2. Creating an Intermediate CA

homepki intermediate-ca --domain runlocal.dev --name bu1

# List intermediate CAs (table, default)
homepki intermediate-ca list --domain runlocal.dev

# List as JSON
homepki intermediate-ca list --domain runlocal.dev -o json

This creates:

  • Intermediate CA private key and certificate signed by the root CA
  • Certificate chain file ({name}-intermediate-ca-chain.crt)

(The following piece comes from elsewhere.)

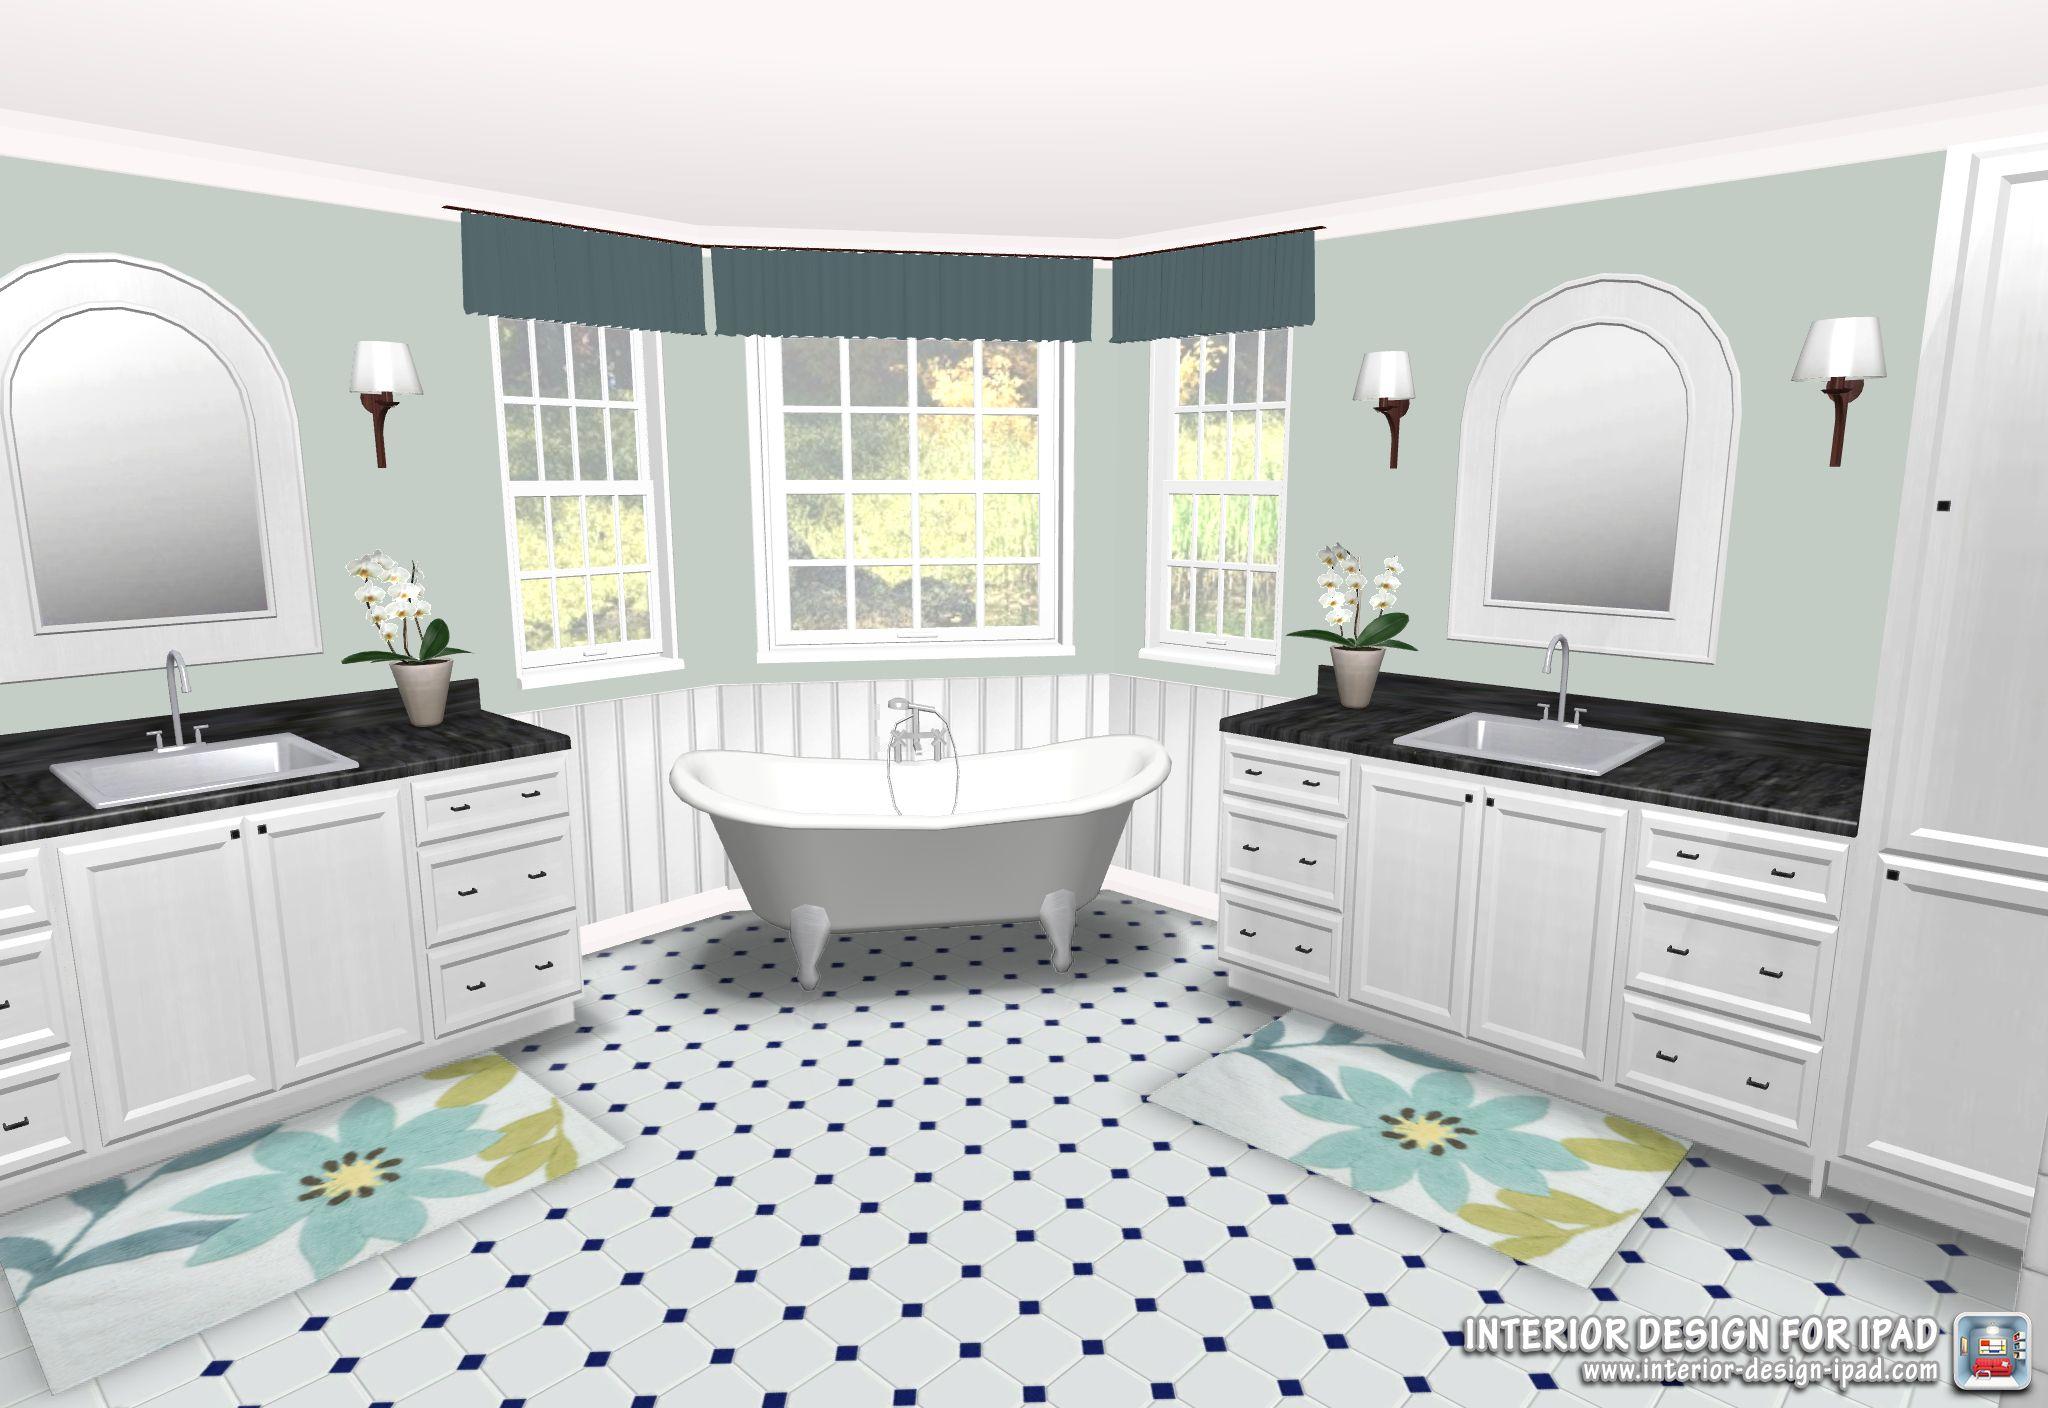 Bathroom Design App Android Bathroom Design App For Mac Bathroom ...

3. Creating Server Certificates

homepki server-cert --domain runlocal.dev --intermediate bu1 --server kong-gateway

# List server certificates (table, default)
homepki server-cert list --domain runlocal.dev --intermediate bu1

# List as JSON
homepki server-cert list --domain runlocal.dev --intermediate bu1 -o json

4. Creating Client Certificates

homepki client-cert --domain runlocal.dev --intermediate bu1 --client my-service

# List client certificates (table, default)
homepki client-cert list --domain runlocal.dev --intermediate bu1

# List as JSON
homepki client-cert list --domain runlocal.dev --intermediate bu1 -o json

Listing and Chain Verification

All list subcommands verify the certificate's chain of trust and support two output formats via -o/--output:

Format Description
table Human-readable table with coloured chain status (default)
json Machine-readable JSON array, no extra output

Chain validity is checked at list time:

  • root-ca list — verifies each root cert is validly self-signed
  • intermediate-ca list — verifies the intermediate was signed by the root CA
  • server-cert list / client-cert list — verifies the leaf cert chains through the intermediate to the root CA

Example JSON output:

[
  {
    "name": "kong-gateway.crt",
    "expires": "2027-04-01",
    "days_left": 360,
    "chain_valid": true
  },
  {
    "name": "old.crt",
    "expires": "2025-01-01",
    "days_left": -270,
    "chain_valid": false,
    "chain_error": "x509: certificate has expired or is not yet valid"
  }
]

Security Features

  • 2048-bit RSA keys for strong encryption
  • UTF-8 encoding for international character support
  • Proper file permissions (700 for private directories)
  • Certificate database tracking for revocation management
  • Serial number management for unique certificate identification
  • Chain verification on all list commands

File Organization

Root CA Structure

{domain-name}/
├── ca/
│   ├── {domain-name}-root-ca.crt     # Root certificate
│   └── private/                      # Protected private keys
│       └── {domain-name}-root-ca.key # Root private key

Intermediate CA Structure

{domain-name}/
└── {organization}/
    ├── {org}-intermediate-ca.crt     # Intermediate certificate
    ├── {org}-intermediate-ca-chain.crt # Certificate chain
    ├── server-tls/                   # Server certificates
    ├── client-tls/                   # Client certificates
    └── private/                      # Protected private keys
        └── {org}-intermediate-ca.key # Intermediate private key

Defaults

  • Key size: 2048-bit RSA
  • Digest: SHA-256
  • Validity: 365 days for leaf certs, 2190 days (~6 years) for CAs
  • Extensions: Proper X.509 extensions for CA and end-entity certificates

Best Practices

  1. Secure storage: Keep private keys in secure, encrypted storage
  2. Access control: Limit access to CA private keys
  3. Backup: Regularly backup CA certificates and keys
  4. Rotation: Plan for certificate renewal and CA rotation
  5. Monitoring: Track certificate expiration dates

Troubleshooting

Common Issues

  1. Permission denied: Ensure proper file permissions on private directories
  2. Certificate validation: Check certificate chains and trust relationships
  3. Expired certificates: Monitor and renew certificates before expiration
  4. Configuration errors: Validate OpenSSL configuration syntax

Verification Commands

# Inspect a certificate
openssl x509 -in certificate.crt -text -noout

# Manually verify a certificate chain
openssl verify -CAfile root-ca.crt -untrusted intermediate-ca.crt end-entity.crt

# Check a private key
openssl rsa -in private-key.key -check

License

MIT — see LICENSE.

Contributing

  1. Test changes thoroughly in isolated environments
  2. Follow existing naming conventions
  3. Ensure security best practices are maintained

About

Manage your own PKI for home labs. Manage root, intermediate and leaf certificates. Client certs are supported, too.